All information in this publication was received between 01 January 2011 and 31 January 2011.

A. List of New International Designations and Launch Dates (UTC).

COSPAR/WWAS
International ID
USSTRATCOM
Catalog Number
Spacecraft Name Launch Date (UT)
2011-004A 37359 Progress M-09M 28 January 2011
2011-003A 37351 HTV 2 22 January 2011
2011-002A 37348 USA 224 20 January 2011
2011-001A 37344 Electro-L1 20 January 2011

B. Text of Launch Announcements.

2011-004A
Progress M-09M, a Russian supply satellite, was launched from Baikonur on 28 January 2011 at 01:31 UT by a Soyuz rocket. It docked to the International Space Station's (ISS) Pirs module on 30 January 2011 at 02:39 UT. The satellite carried approximately 2.5 tonnes of cargo, including propellant, oxygen, food, crew parcels, scientific equipment, and additional hardware for the ISS. Among the cargo was ARISSAT 1 (Kedr), a 30 kg minisatellite, designed to transmit 25 greetings messages in 15 different languages, Earth photos, and telemetry data for its scientific equipment and service systems. It will transmit a signal at 145.95 MHz. Kedr will be manually launched by an ISS cosmonaut during an upcoming EVA. It will also be used for student space education programs, and for this year's celebration of the 50th anniversary of Yuri Gagarin's spaceflight. Other payloads on-board are books by Russian space exploration founder Konstantin Tsiolkovsky, and a birthday gift for ISS Commander Scott Kelly. Progress M-09M will remain docked to the ISS until 26 April 2011. It is expected to undock from the ISS during the STS-134 mission, a first for the ISS program.
2011-003A
HTV 2, a Japanese satellite, was launched from Tanegashima on 22 January 2011 at 05:38 UT by an H-2B rocket. It docked with the International Space Station's Harmony module on 27 January 2011 at 11:41 UT. HTV 2, an unmanned supply ship, will deliver internal and external cargo to the International Space Station (ISS) and serve as a means for equipment disposal from the ISS upon the craft's undocking and destruction in the atmosphere. The craft carried pressurized and unpressurized cargo consisting of scientific gear, spare parts and provisions for the ISS crew. The unpressurized cargo included two NASA payloads that will be transferred from the craft's external cargo hold in early February. Japan is calling the spacecraft Kounotori 2 ("white stork").
2011-002A
USA 224 was launched from Vandenberg Air Force Base on 20 January 2011 at 21:10 UT by a Delta IV rocket. USA 224 is a National Reconnaissance Office (NRO) classified satellite. It flew in the "heavy" configuration, the highest capacity Evolved Expendable Launch Vehicle (EELV) variant and the most powerful unmanned rocket currently in service. This was the first Delta IV Heavy launched from Vandenberg and, to date, the heaviest vehicle to lift off from Vandenberg.
2011-001A
Electro-L1, a Russian weather satellite, was launched from Baikonur on 20 January 2011 at 12:29 UT by a Zenit rocket. Electro-L1 is also known as GOMS 2, or Geostationary Operational Meteorological Satellite 2. Electro-L1 will capture real-time images of clouds and storm systems, collecting weather imagery several times per hour with visible and infrared cameras. The satellite's position in geosynchronous orbit will yield views of the entire Earth disk, allowing its weather sensors to observe storm systems across a wide swath of Asia, the Middle East and the Indian Ocean. The satellite will also study space weather phenomena and provide communications for search-and-rescue services. The satellite weighs 1701 kg and will be parked at 76° E longitude. It is expected to function for up to ten years.

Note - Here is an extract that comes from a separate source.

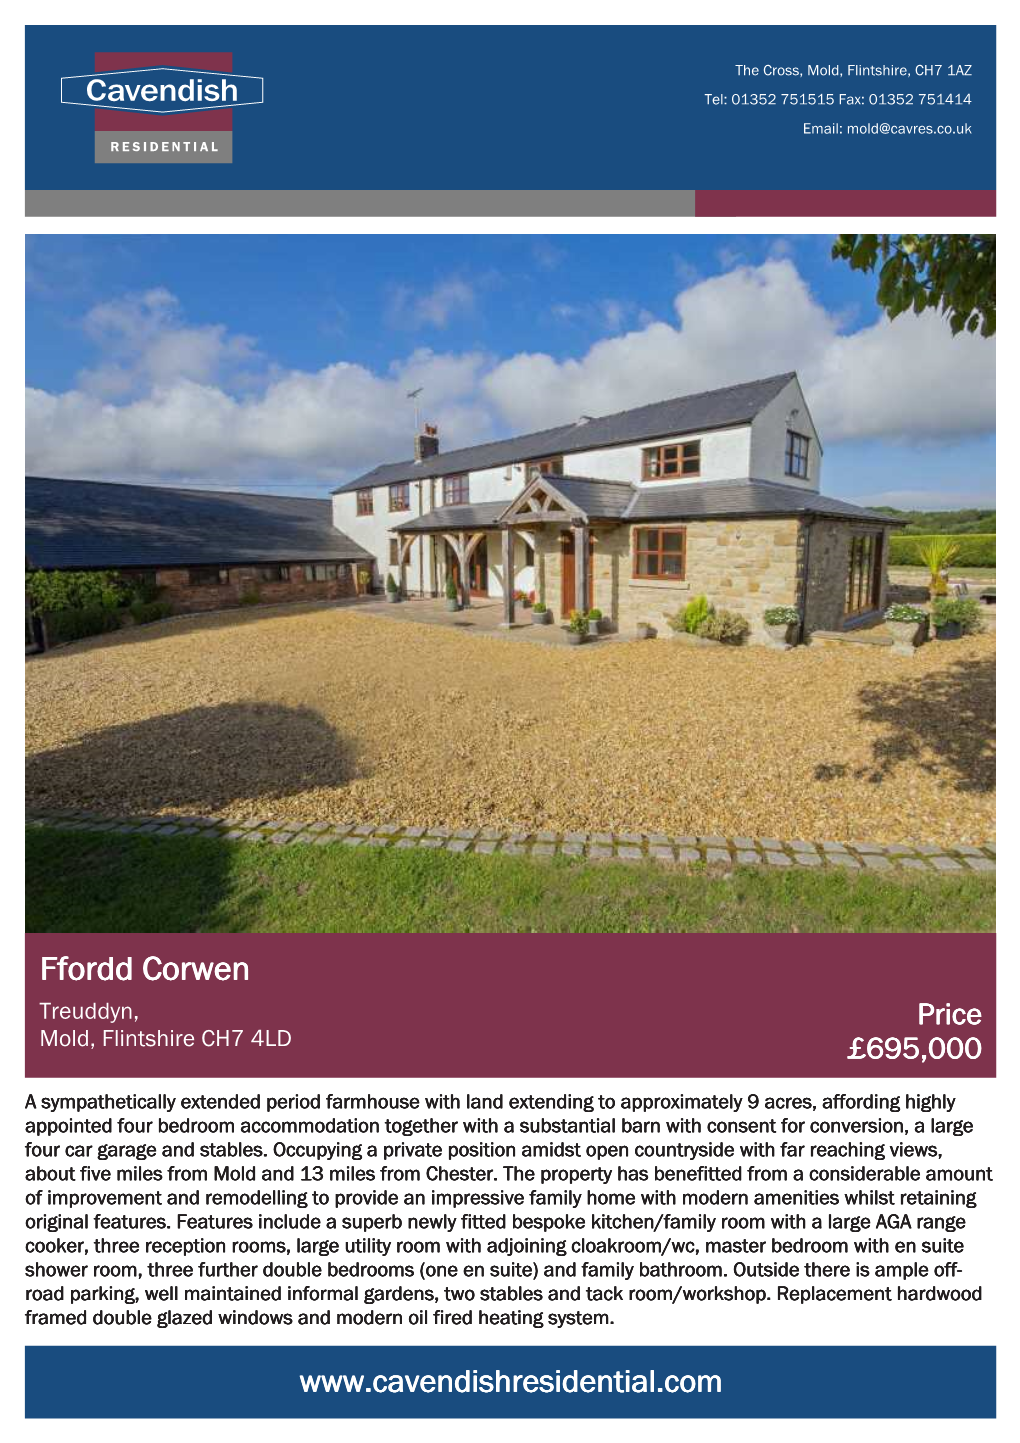 Ffordd Corwen Treuddyn, Price Mold, Flintshire CH7 4LD £695,000

C. Spacecraft Particularly Suited for International Participation

Global Positioning System satellites useful for navigational purposes and geodetic studies.

High precision (<20 cm) GPS constellation tracking data obtained from the network of about 400 dedicated global stations that are of interest to geodetic study may be obtained through the following services provided by the International GNSS Service (IGS). The IGS is a service of the International Association of Geodesy (IAG).

     FTP:    igscb.jpl.nasa.gov  [directory /igscb]
     WWW:    http://igscb.jpl.nasa.gov/
     E-mail: igscb@cobra.jpl.nasa.gov

The standard format of the GPS situation appeared in SPACEWARN Bulletin No. 518. It will not be repeated since an excellent source of trajectory- and science-related GPS information is at:

http://www.colorado.edu/geography/gcraft/notes/gps/gps_f.html

It provides many links to GPS related databases.

The latest addition to the fleet is GPS 2F-1 (2010-022A).

Russian Global Navigational (Positioning) Spacecraft, GLONASS constellation.

SPACEWARN requests updates/additions from readers to this list.

All GLONASS spacecraft are in the general Cosmos series. The Cosmos numbers invoked by USSPACECOM have often differed from the numbers (NNNN) associated in Russia; when different, the USSPACECOM Cosmos numbers are shown in parentheses. The corresponding GLONASS numbers are Russian numbers, followed by the numbers in parentheses that are sometimes attributed to them outside Russia.

The operating frequencies in MHz are computed from the channel number K. Frequencies (MHz) = 1602.0 + 0.5625K and L2 = 1246.0 + 0.4375K.

The standard format of the GLONASS situation last appeared in SPACEWARN Bulletin No. 545. It will not be repeated in view of the excellent updated source at: http://www.glonass-ianc.rsa.ru/ maintained by the Information-Analytical Center (IAC), Russian Space Agency.

According to IAC the latest additions to the fleet are 2010-041C, 2010-041B,and 2010-041A.

Visually bright objects.

See http://www.space-track.org/perl/bulk_files.pl. Users must register. Conditions apply.

Actual decays/landings of payload spacecraft and rocket bodies (R/B) only. No further information is available.

Designations         Common Name                  Decay Date (2011)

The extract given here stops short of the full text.